Premium
Speed of action of anesthetics and hydrogen‐bond proton‐acceptor properties. Estimation of the free energy of interaction of O ⃛H—O bonding in hindered phenols based on cndo/2 potentials
Author(s) -
Davies R. H.,
Mason R. C.,
Smith D. A.,
McNeillie D. J.,
James R.
Publication year - 2009
Publication title -
international journal of quantum chemistry
Language(s) - English
Resource type - Journals
SCImago Journal Rank - 0.484
H-Index - 105
eISSN - 1097-461X
pISSN - 0020-7608
DOI - 10.1002/qua.560140723
Subject(s) - cndo/2 , hydrogen bond , chemistry , conformational isomerism , steric effects , acceptor , computational chemistry , interaction energy , bond energy , proton , molecule , stereochemistry , organic chemistry , physics , quantum mechanics , condensed matter physics
Estimates of the relative free energies of O ⃛H—O bonding in 2,6‐dialkyl hindered phenol‐water interactions have been made based on CNDO/2 potentials. To compute the free energies it was found necessary to examine a number of phenolic conformers for each interaction since conformers of small populations in the unbonded species became dominant in the bonded forms. An empiric potential was developed from the CNDO/2 results for a linear O ⃛H—O bond based on the Rydberg potential. The limitations of using electrostatic terms in the potential were examined. The steric effects of neighboring atoms were accurately incorporated into the potential by the use of repulsive exponential terms.
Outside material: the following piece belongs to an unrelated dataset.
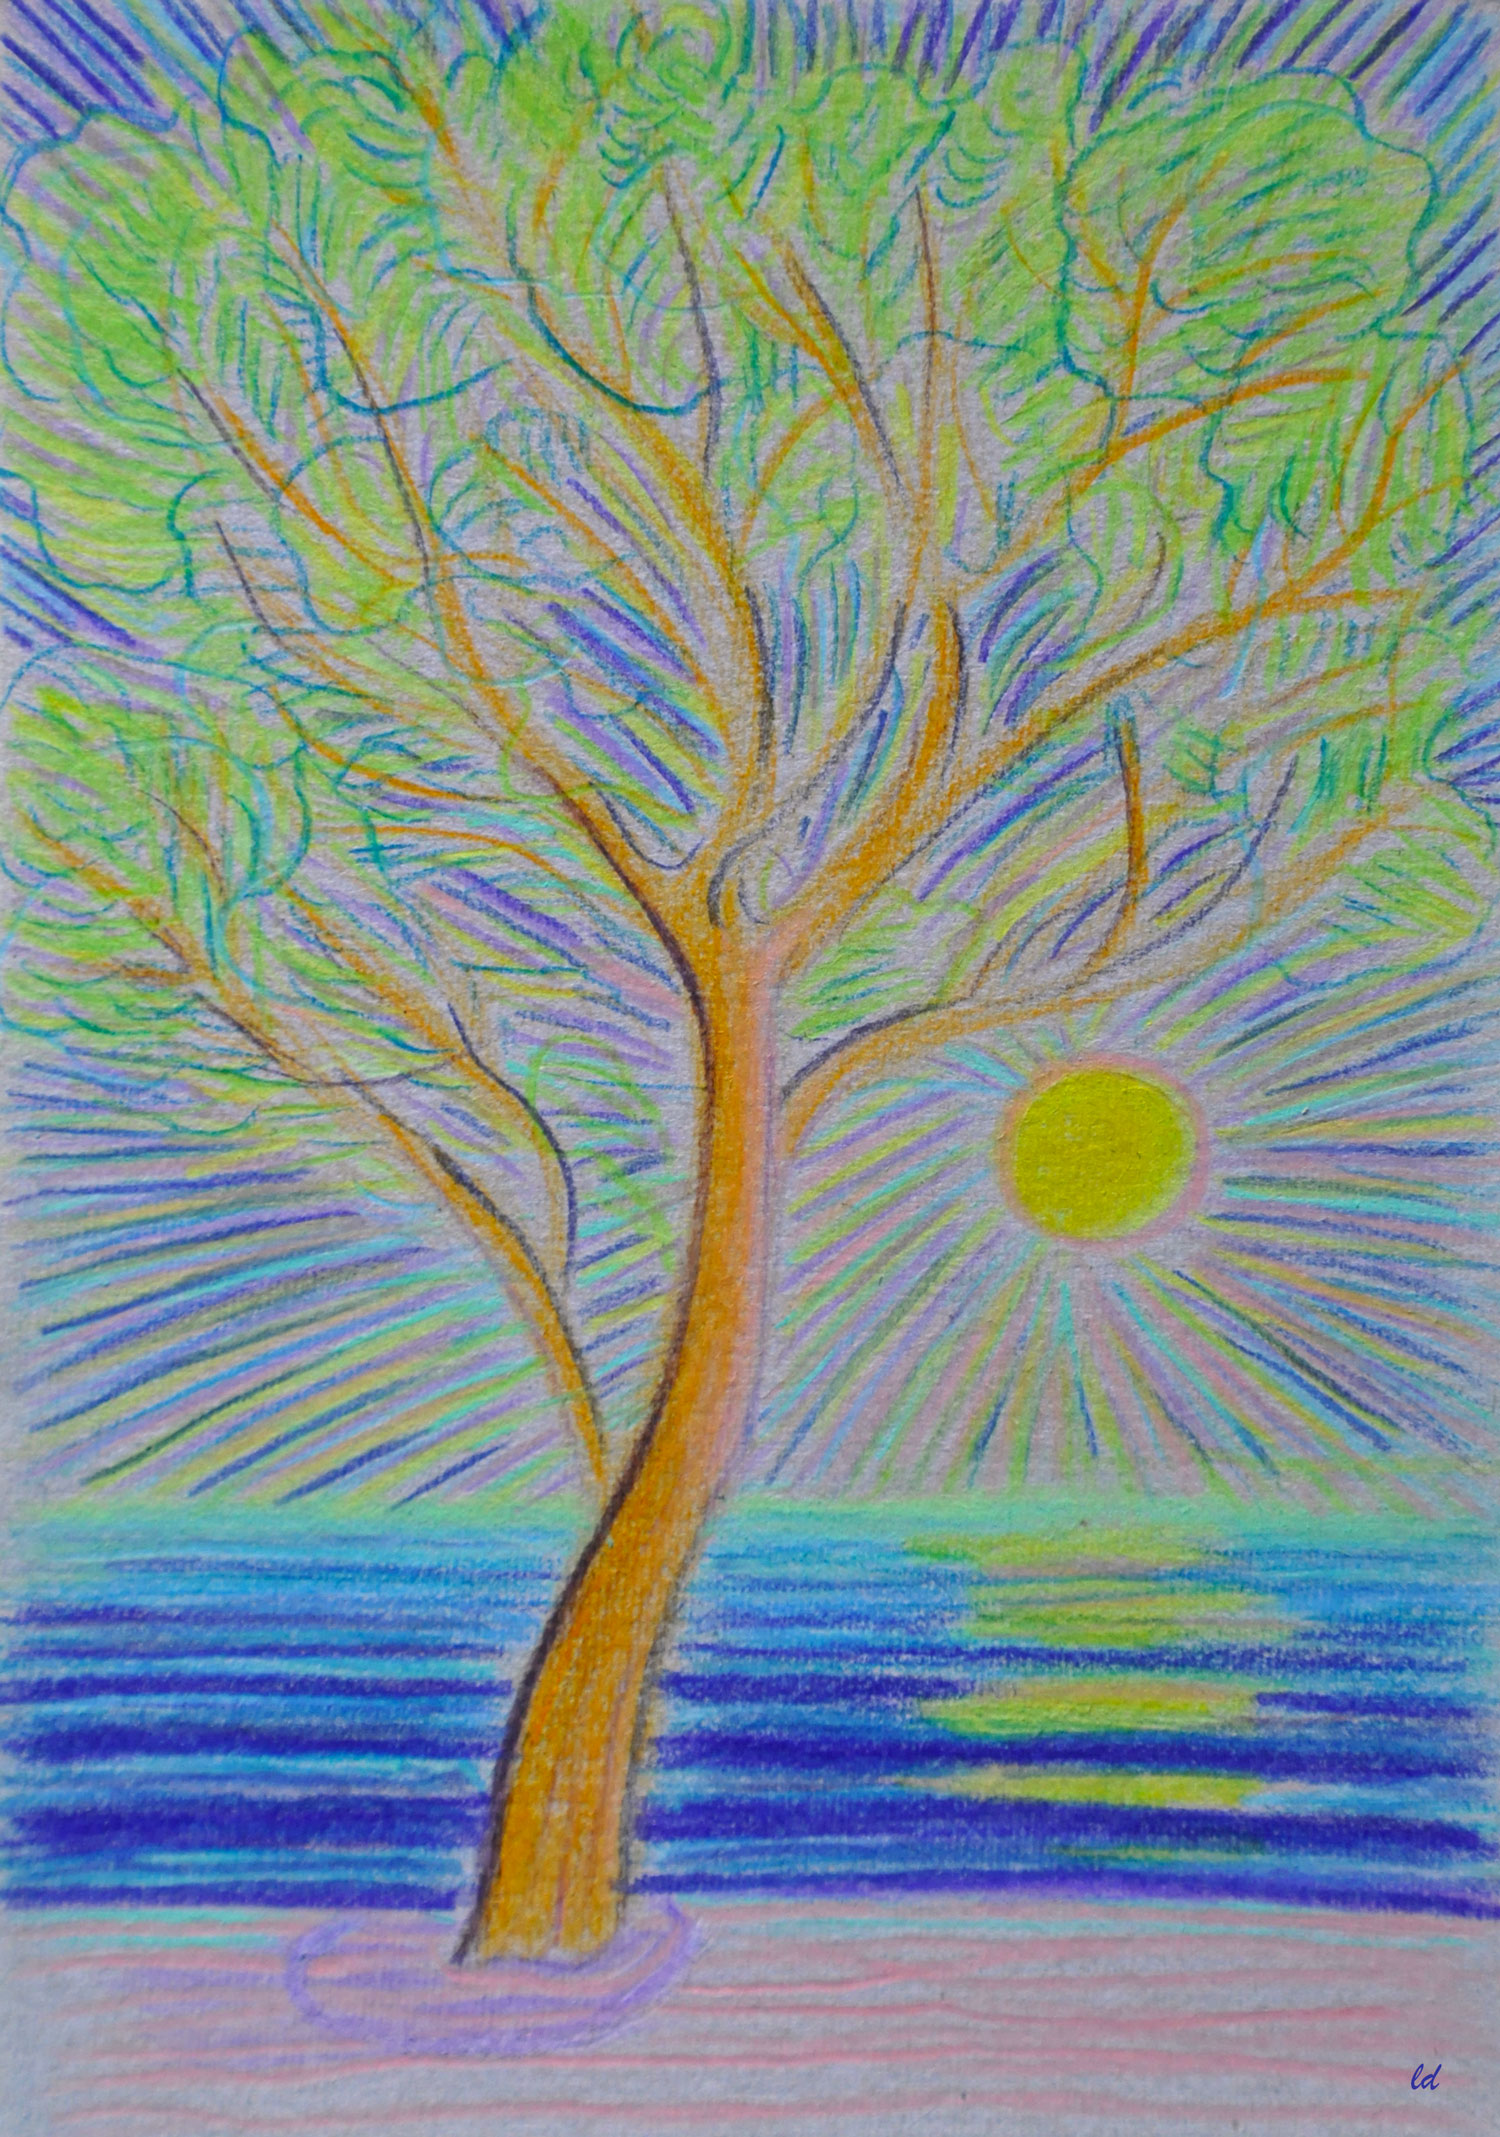 Cala Gonone 14, il pino sulla spiaggia. Crayon de couleur sur carton, 21x15. 2021
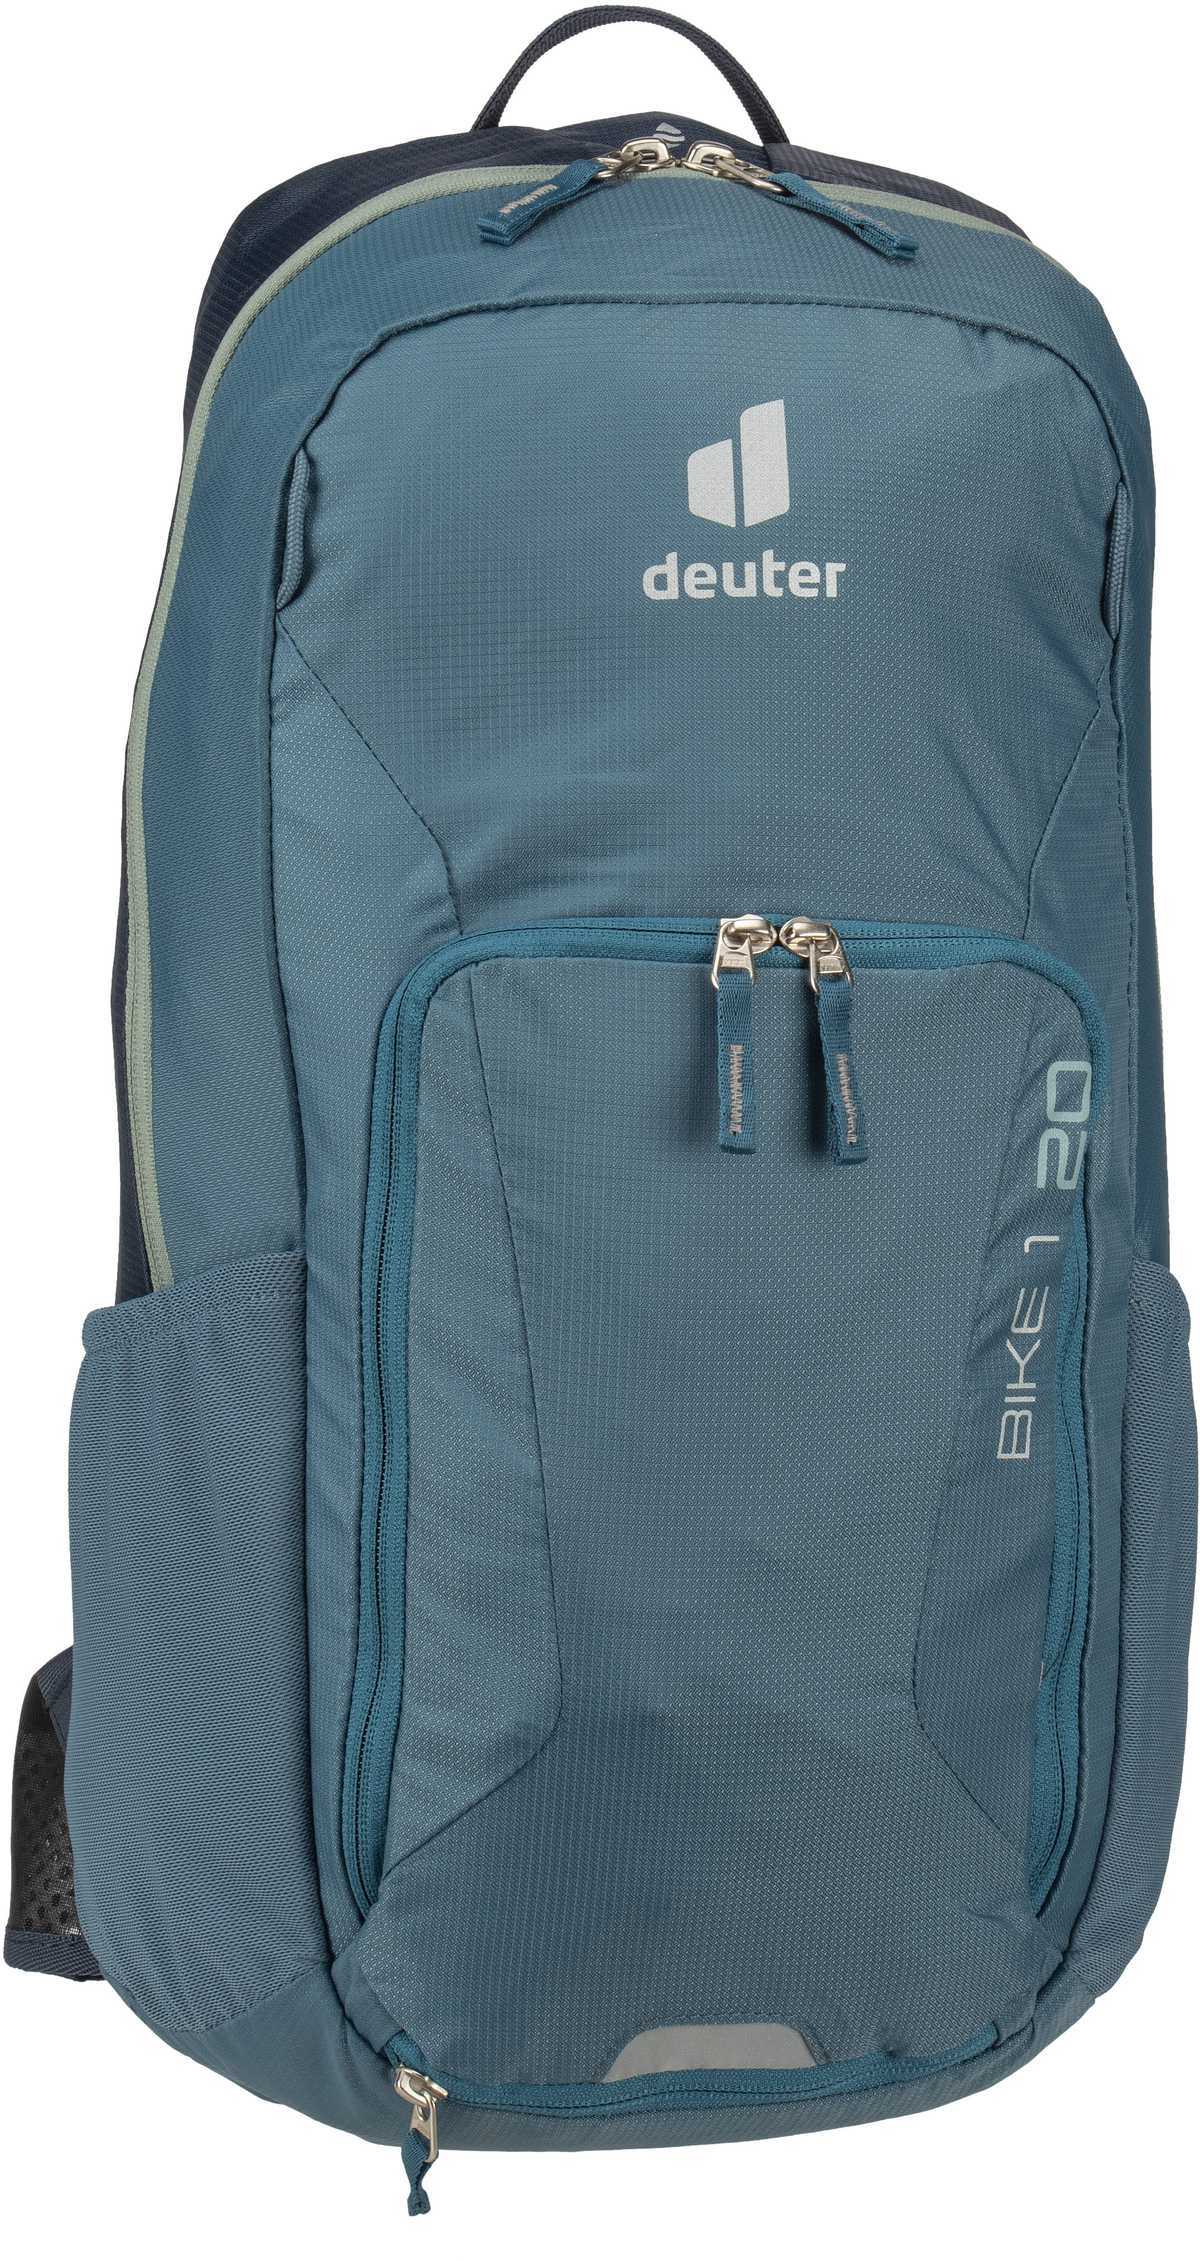 Deuter Deuter Bike I 20 in Blau (20 Liter), Rucksack / Backpack

Charge directionality from the proton acceptor was not observed. Reproducibility in hydrogen bonding was achieved to ±0.13 kcal over a 3–7 kcal range of hydrogen‐bond interaction. The statistics of the interaction were computed for 2,6‐dimethyl, 2,6‐diisopropyl, and 2,6‐di‐ t ‐butyl phenol conformer‐water interactions. The average energies of interaction were very similar, being 5.5, 5.4, and 5.4 kcal, respectively, compared to the minimum energies of interaction of 7.4, 7.4, and 6.9 kcal observed for each compound. While the differences between the free energies of interaction of the phenolic proton acceptors were entropy dominated, the estimate of the difference between the 2,6‐dimethyl and 2,6‐diisopropyl phenol‐water interactions was small (0.3 kcal). A similar difference comparison for the less entropy favored 2,6‐di‐ t ‐butyl phenol‐water interaction gave an estimate of 1.5 kcal.